■ **The data**:
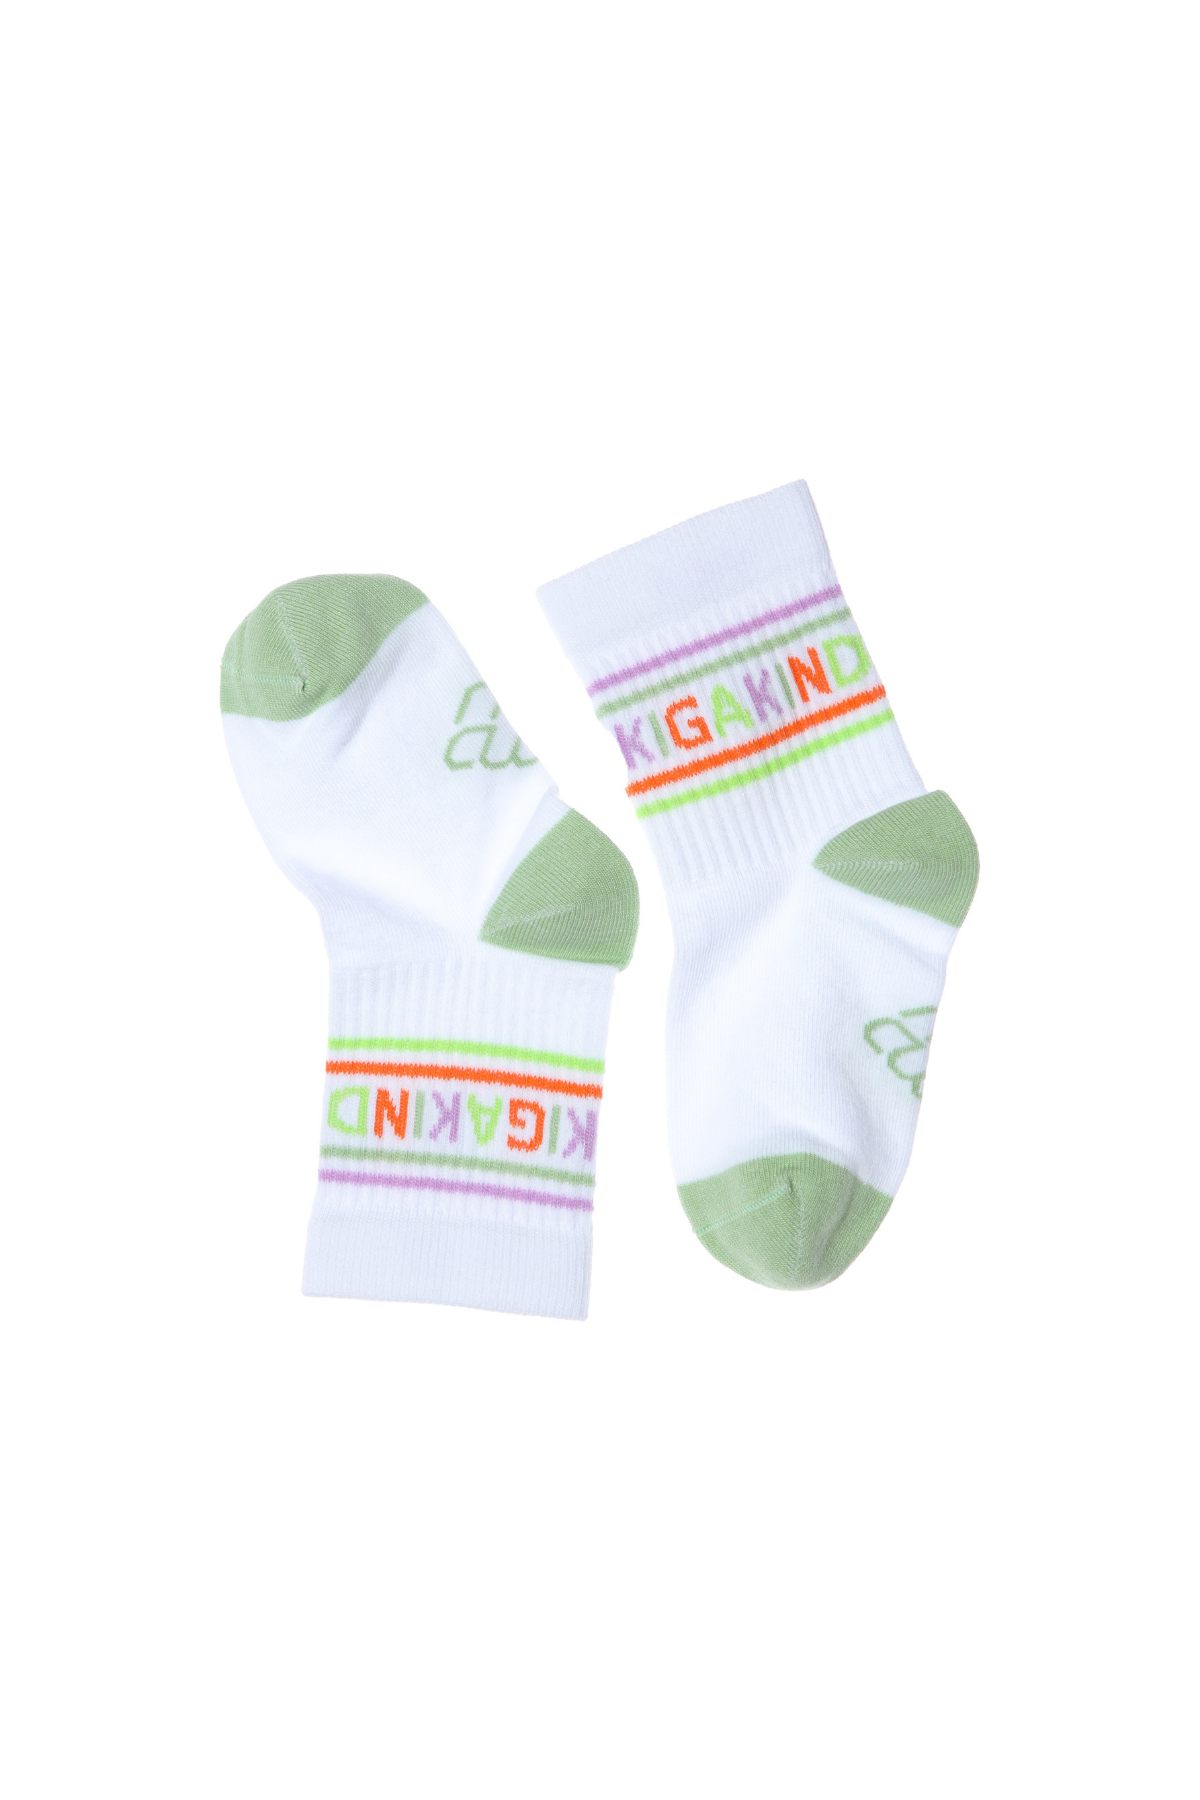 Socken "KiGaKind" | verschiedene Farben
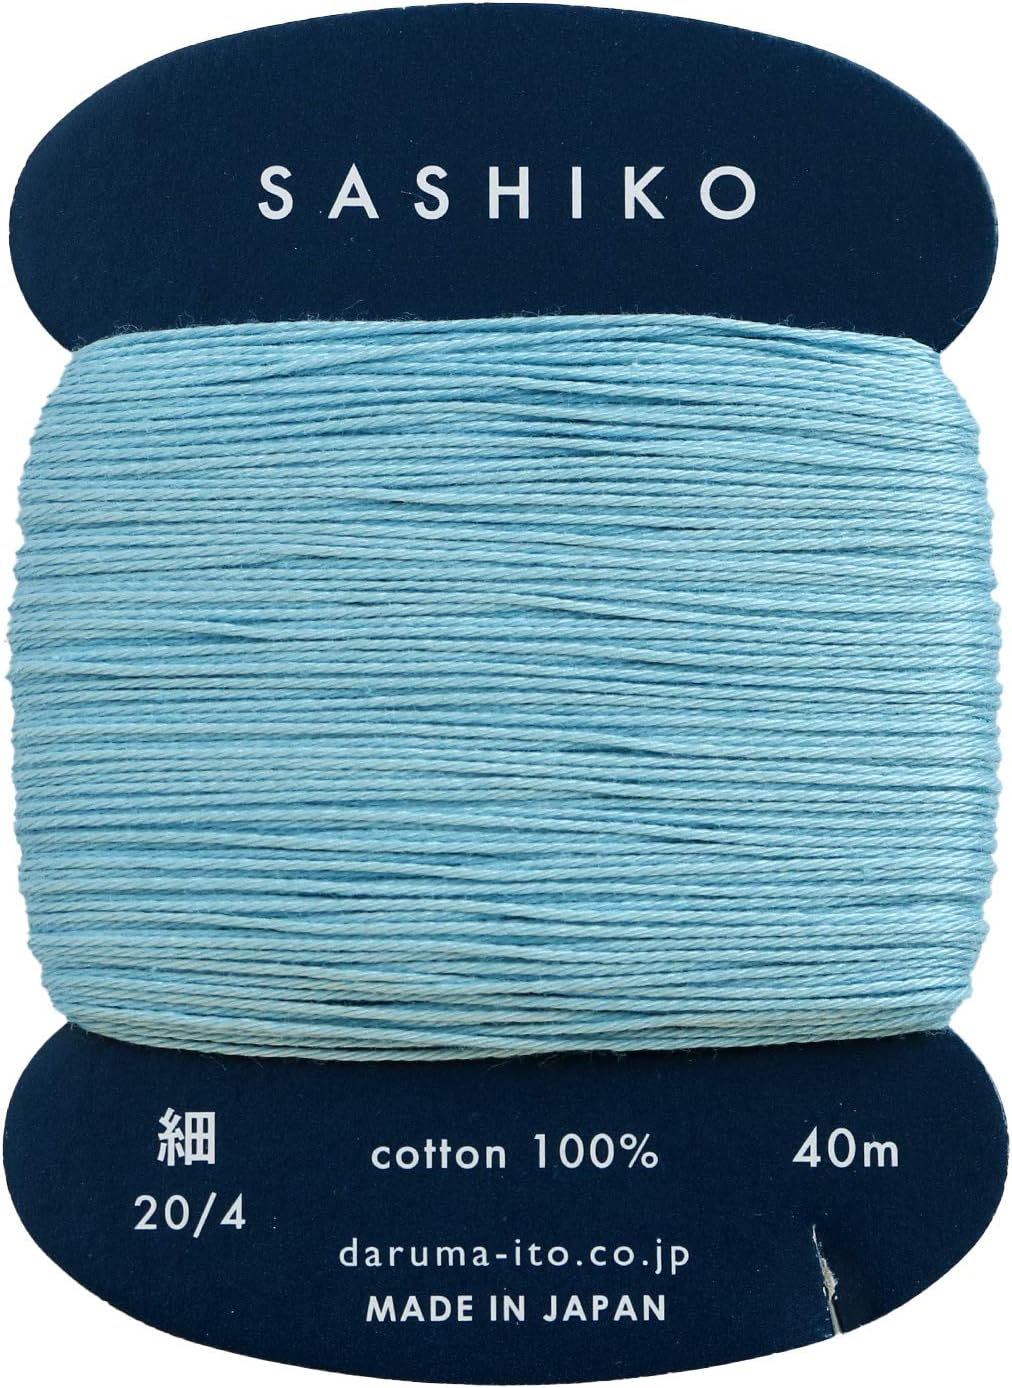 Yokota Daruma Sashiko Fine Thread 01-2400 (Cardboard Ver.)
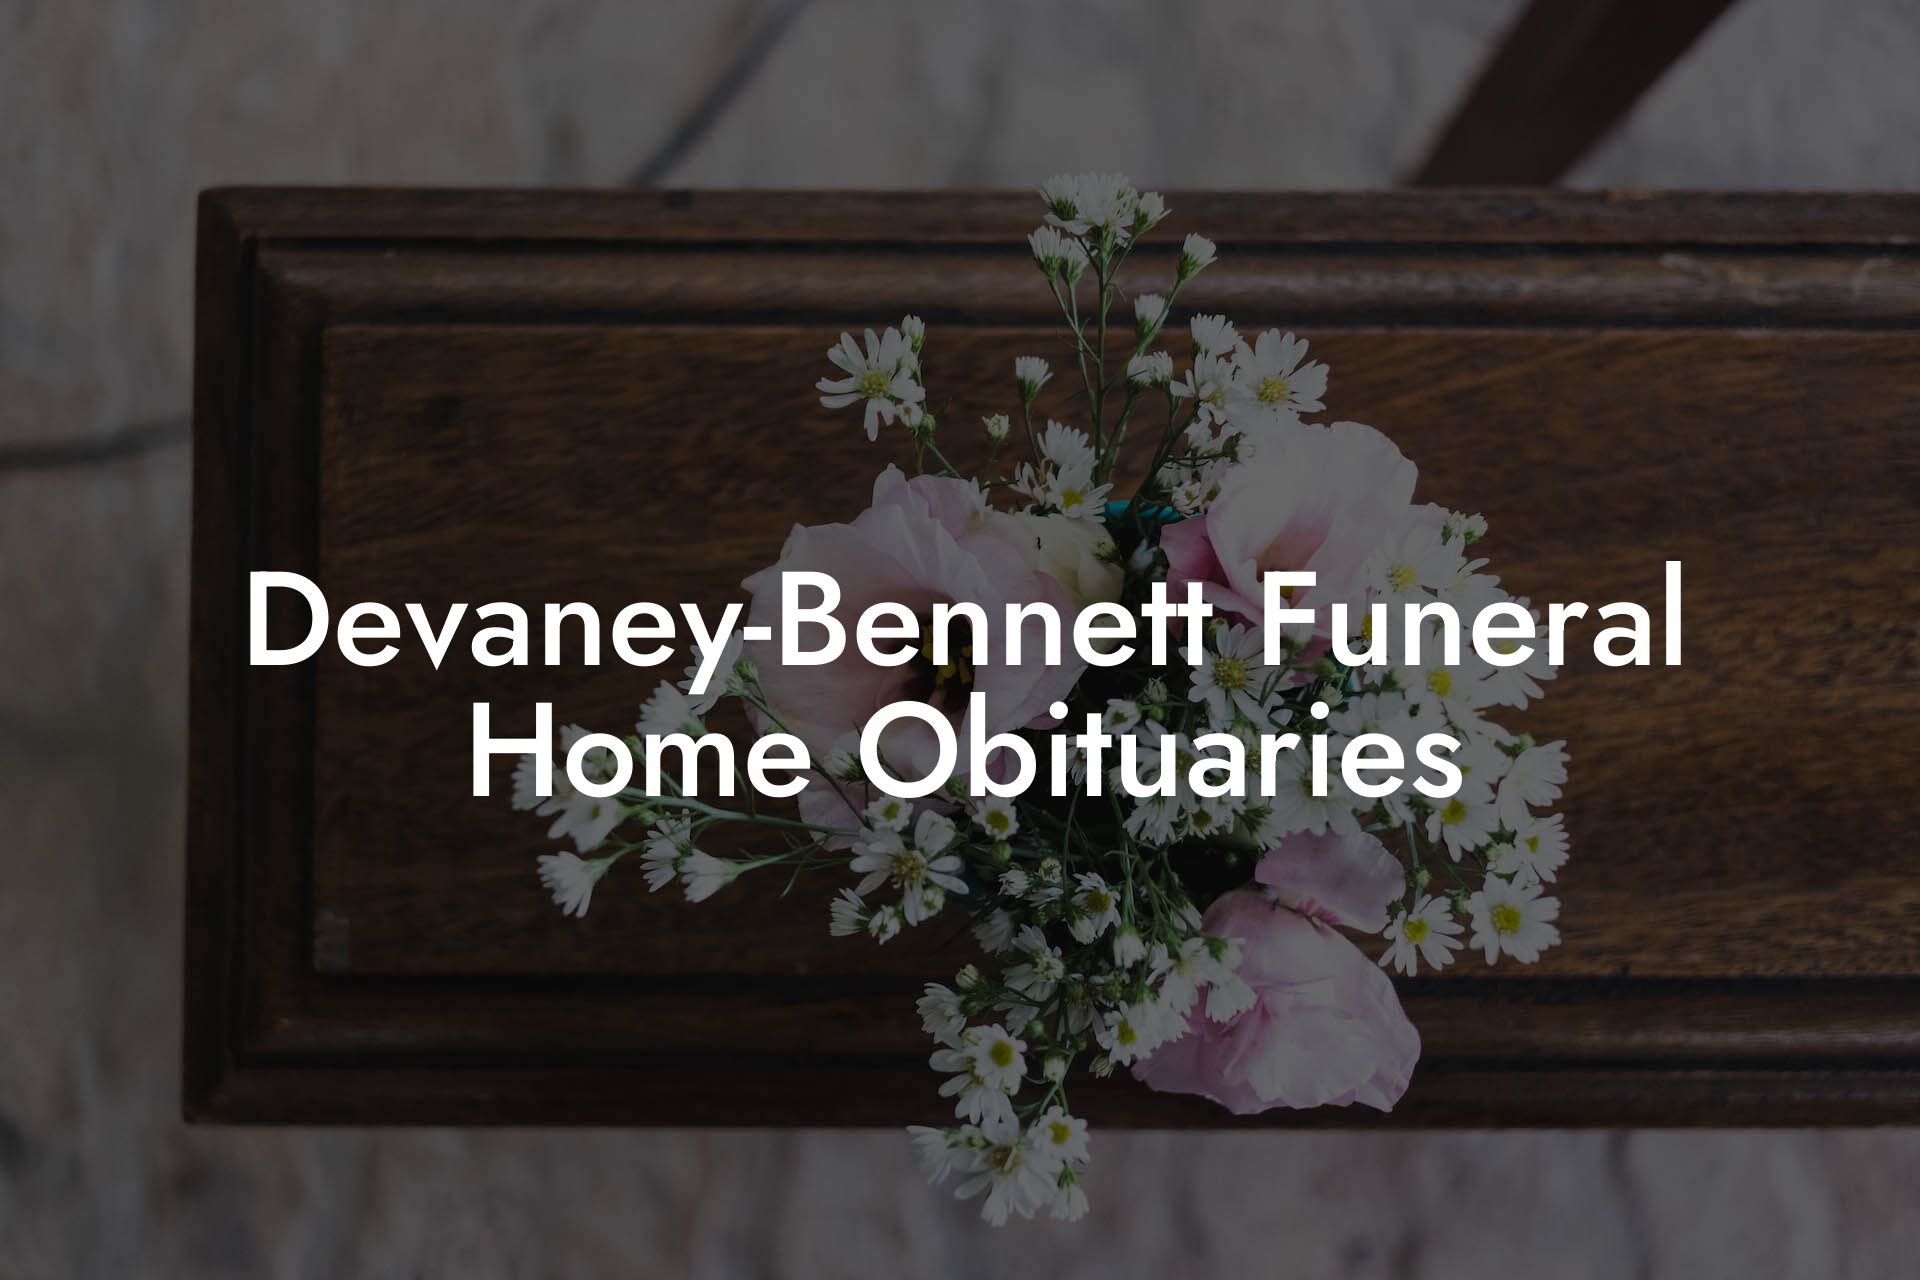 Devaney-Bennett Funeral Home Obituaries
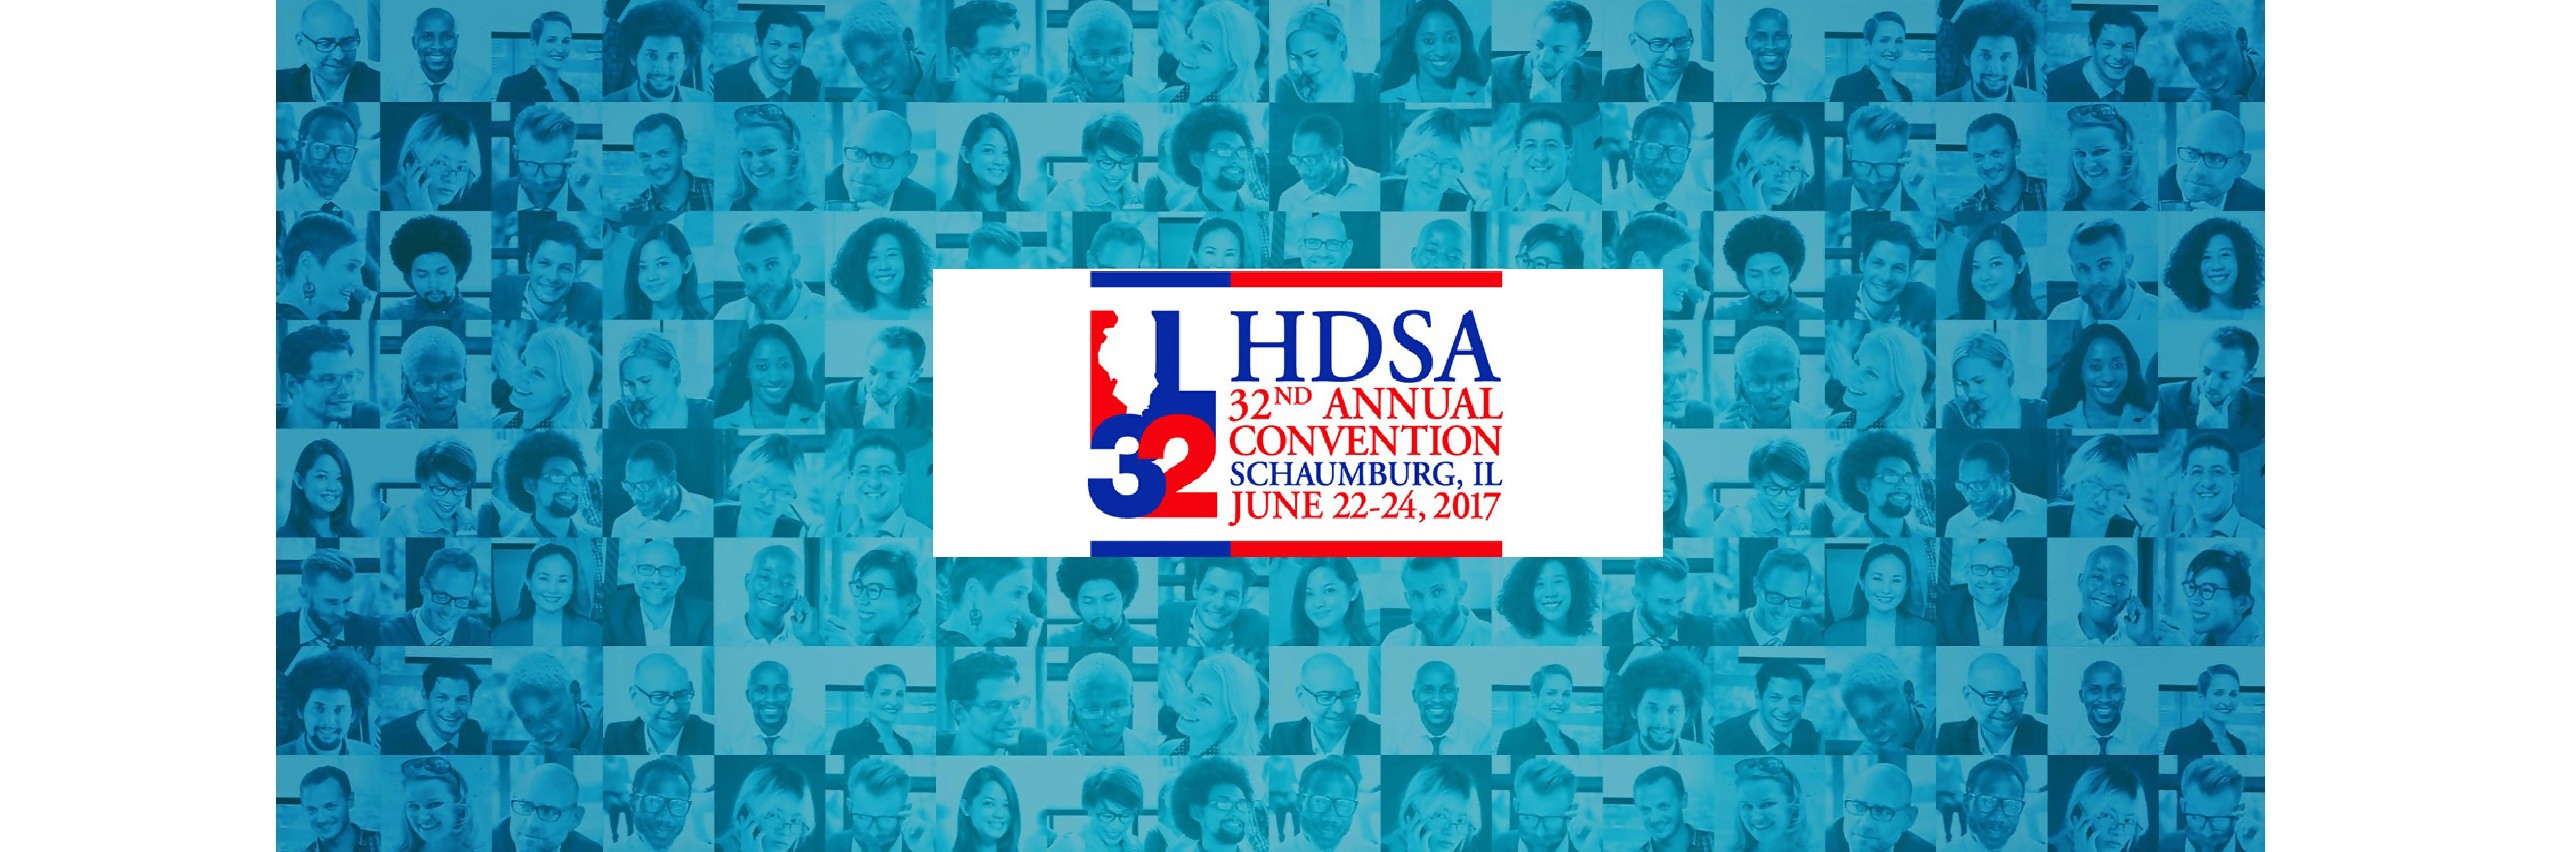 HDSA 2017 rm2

■ **Work request**:
Exclude the pictures and give back the rest of the data above exactly as written.

■ **Result for this exercise**:
 Socken "KiGaKind" | verschiedene Farben
 Yokota Daruma Sashiko Fine Thread 01-2400 (Cardboard Ver.)
 Devaney-Bennett Funeral Home Obituaries
 HDSA 2017 rm2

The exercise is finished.